Since then, he has sold around 100 ‘Maa’ sarees across Odisha.
But now he sees a saazish (conspiracy) to rob him of his hard work and self-respect. “It feels bad when someone makes a claim to your craft,” he added.
The story behind ‘Maa’ saree, however, did not begin in 2014. “In 1993-94, I had weaved two sarees in black with ‘Maa’ sprouting out of a lotus on the anchal. However, it did not get the award then. The Weavers’ Service Centre bought one of those sarees and the other, I donated at a Sanatan Satsang in Deogarh,” said Prafulla, who won the National Merit in 1991-92.
A girl wore the saree and it was highly appreciated by people there. “I had then thought of weaving ‘Maa’ in other languages. The following year, government employees were banned from participating in the competition and the idea was pushed to the backburner,” he said.
Biswanath’s wish rekindled the hope to make it happen again. “I took the help of my daughter and she could get me the word written in 13 languages. It was then composed and the graph was prepared in 10 to 15 days,” he said.
Prafulla said that Sanjay Panda, the then Secretary in Ministry of Textiles, had recounted the reaction of the jury members when Biswanath’s ‘Maa’ saree was presented to them. “They all blurted out ‘Maa’ in unison having found the word in their own language. The weave had weaved its magic!” he added.
Rabi not only staked claim to this special design, which he supposedly created with his brothers during the second wave of the pandemic to woo saree lovers back to his shop as the COVID-induced lockdown had badly hit business, but also the ‘Shri Ganeet’ saree which Vidya Balan wore during the promotion of her biopic ‘Shankuntala Devi’ last year. “The original saree was in black. We added a pink border and anchal to it. Vidya Balan had worn our saree during the promotion,” he said.
He also claimed to have hand-woven a spectacular creation for former Miss World and Bollywood actor Aishwarya Rai Bachchan. “We keep innovating and coming up with new designs.
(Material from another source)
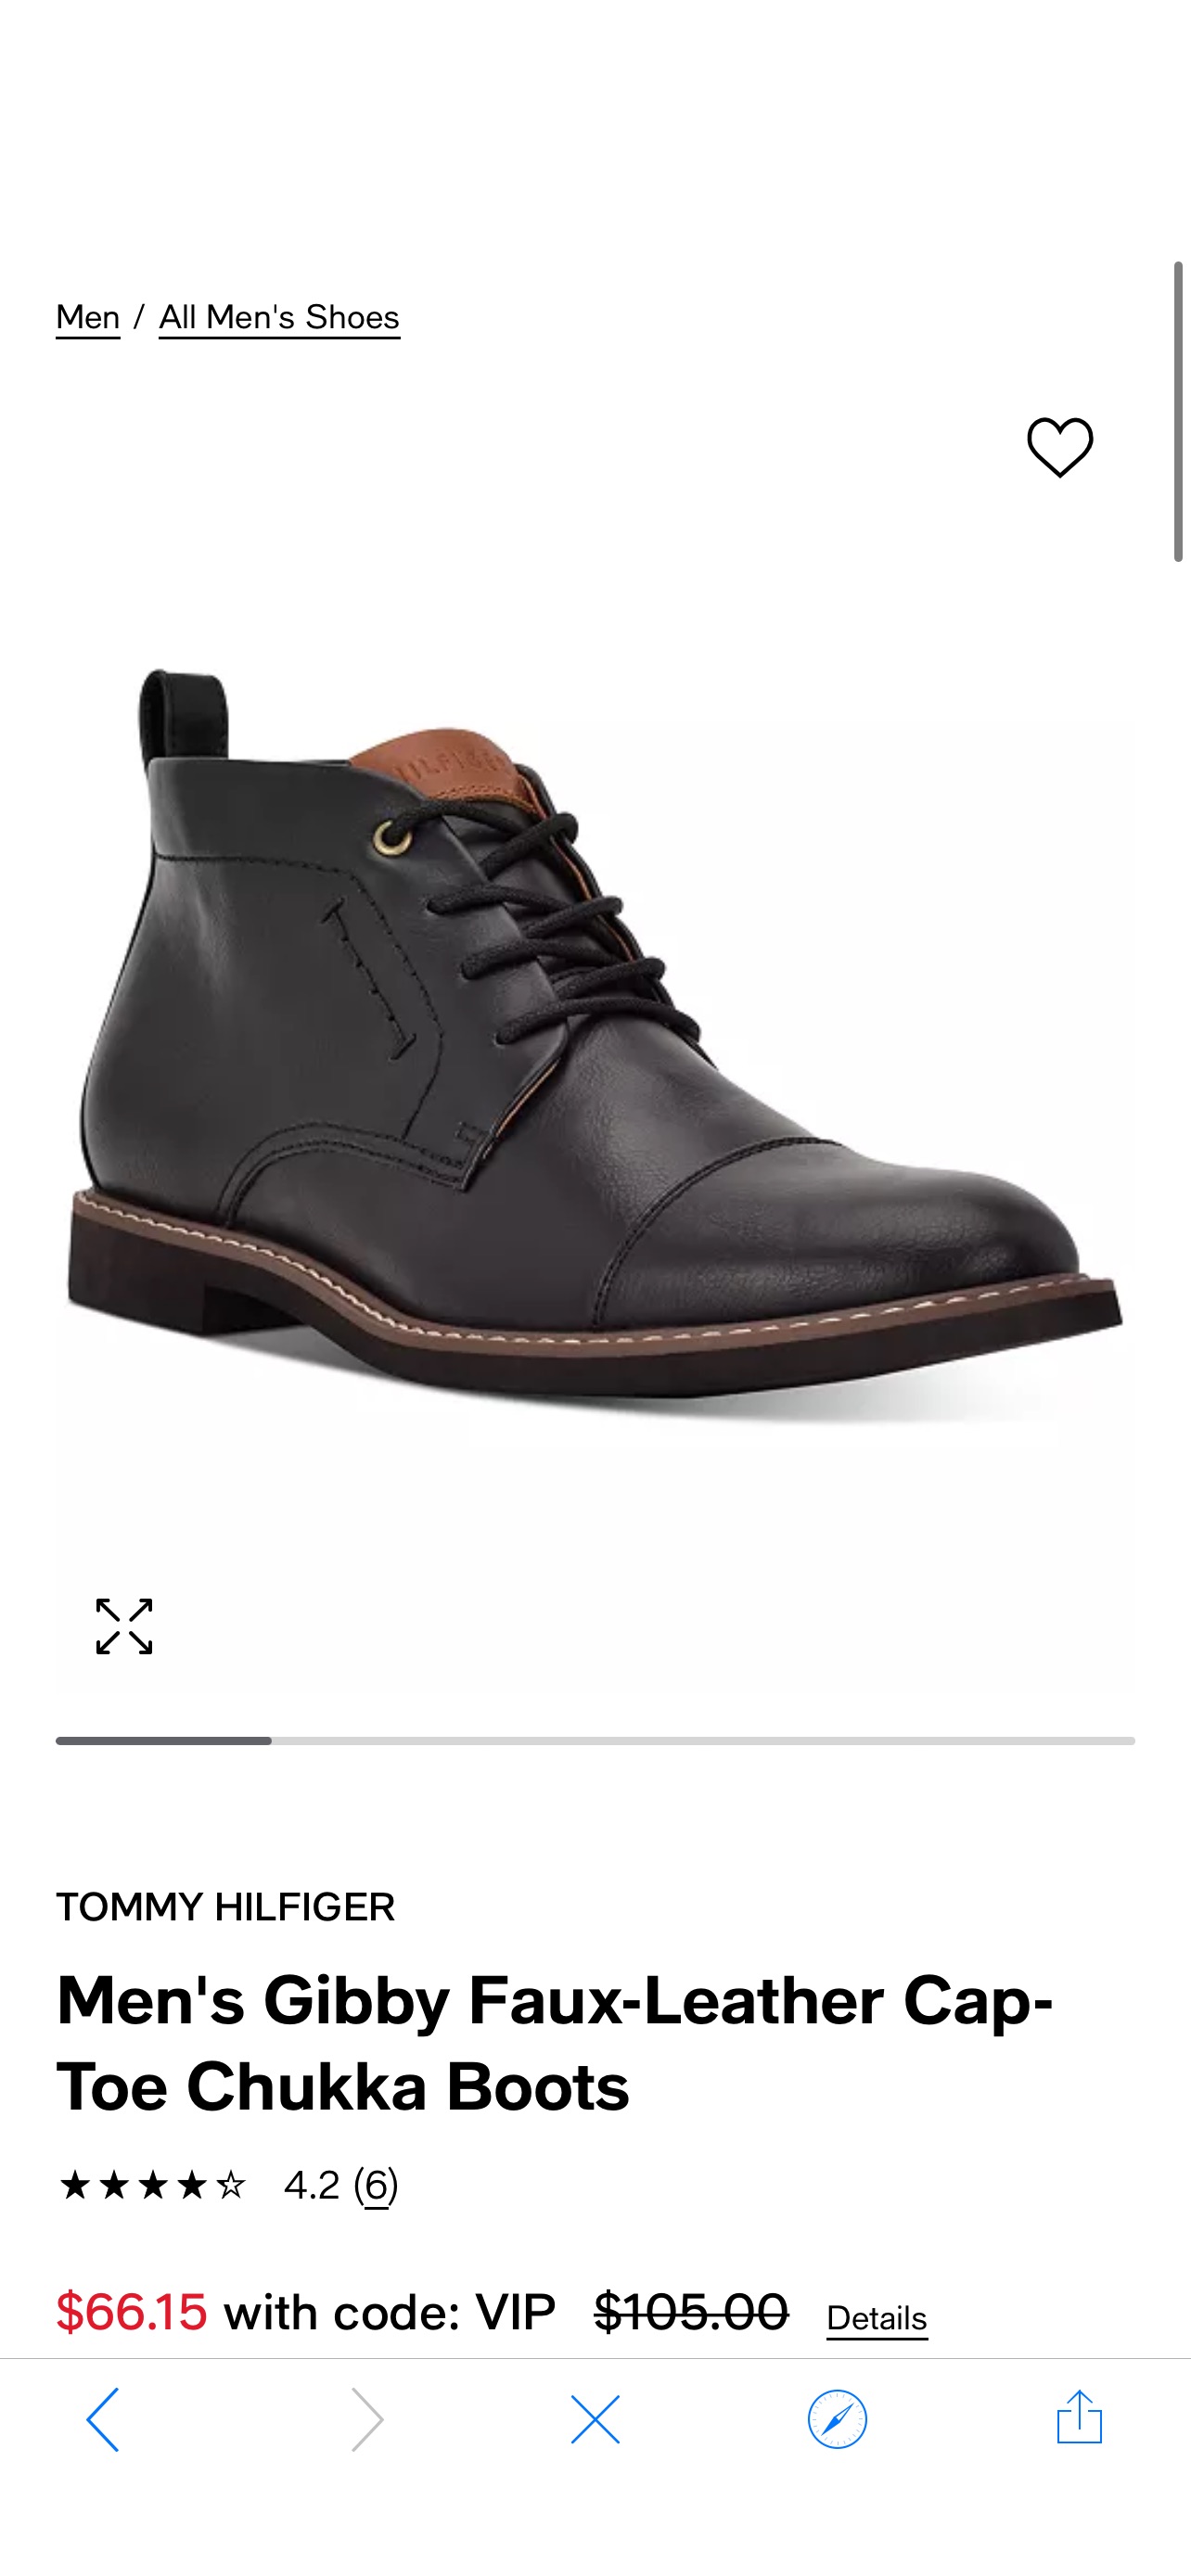 Tommy Hilfiger Men's Gibby Faux-Leather Cap-Toe Chukka Boots & Reviews - All Men's Shoes - Men - Macy's
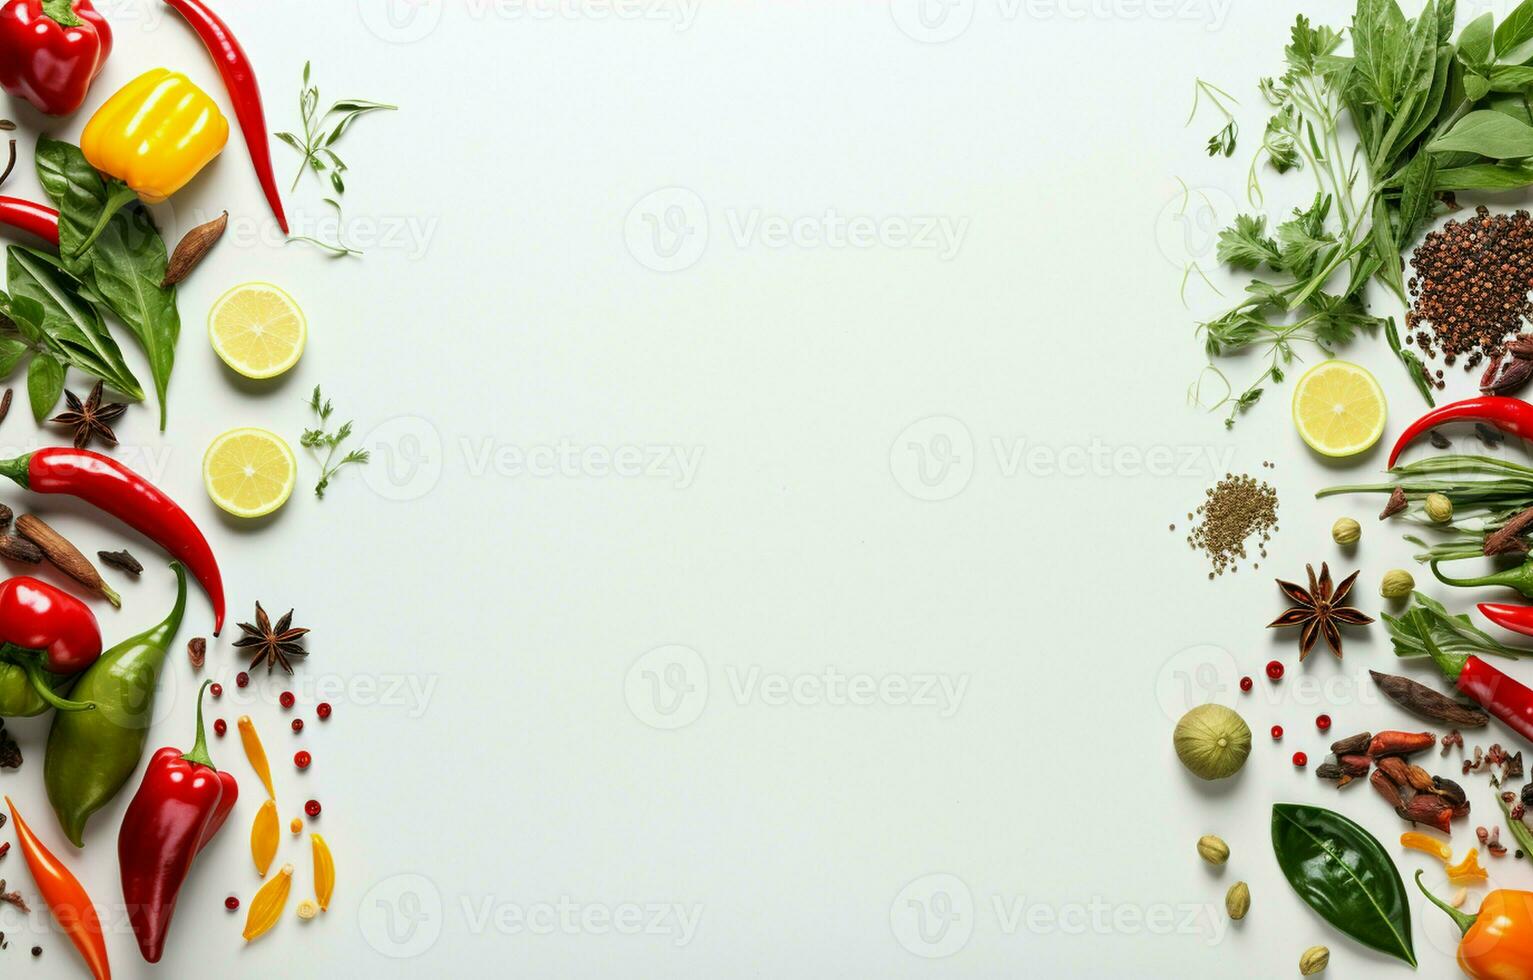 Flying set of colorful spices peppers, chili, garlic, laurel leaf, and herbs in the air isolated on a white background. top view, with copy space. photo

We are currently working on Yoga, Dhanteraas and Maa Laxmi sarees,” he said, adding the ‘Maa’ saree is priced at Rs 20,000.
Prafulla, however, said Chaturbhuj Meher, a master weaver of the Tie-dye handloom tradition, had created the richly-crafted tissue saree for Aishwarya, which she wore on her wedding day.
He further questioned Rabi for continuing with the 13 languages in the ‘Maa’ version of his saree. “He should have been gracious enough to accept that the weaves were inspired by that of Biswanath’s, whom he no longer recognises despite having bought sarees from him for his showroom,” he said sarcastically.
Anita Sabat, managing trustee of Odita Trust which first rubbished Rabi’s claims, said Rajesh has long been making such false assertions.
“It is unethical for anyone to claim undue credit or appropriate another’s work.
This is happening in the age of social media and that too when all craftsmen and artisans associated with it are alive. Imagine what will happen when they are not around to defend their intellectual property rights (IPR),” she said, adding the credit should go to the rightful owners.
She said one of the reasons behind the online auction of the Sambalpuri saree weaved with mathematical equations, which Vidya Balan wore, was to let the world know who the real weaver is. “The proceeds from the auction went to Bhagabata Meher, the weaver of the saree,” she said.
Anita advocated strict IPR laws and punishment as a deterrent again such thefts.
“’Sambalpuri Bandha Saree and Fabrics’ have got the GI Tag. Industrial designs should also be registered. The state government on its website should put up details of all state and national award-winning works with names of weavers and weaves so that all can readily refer, learn and know,” she added.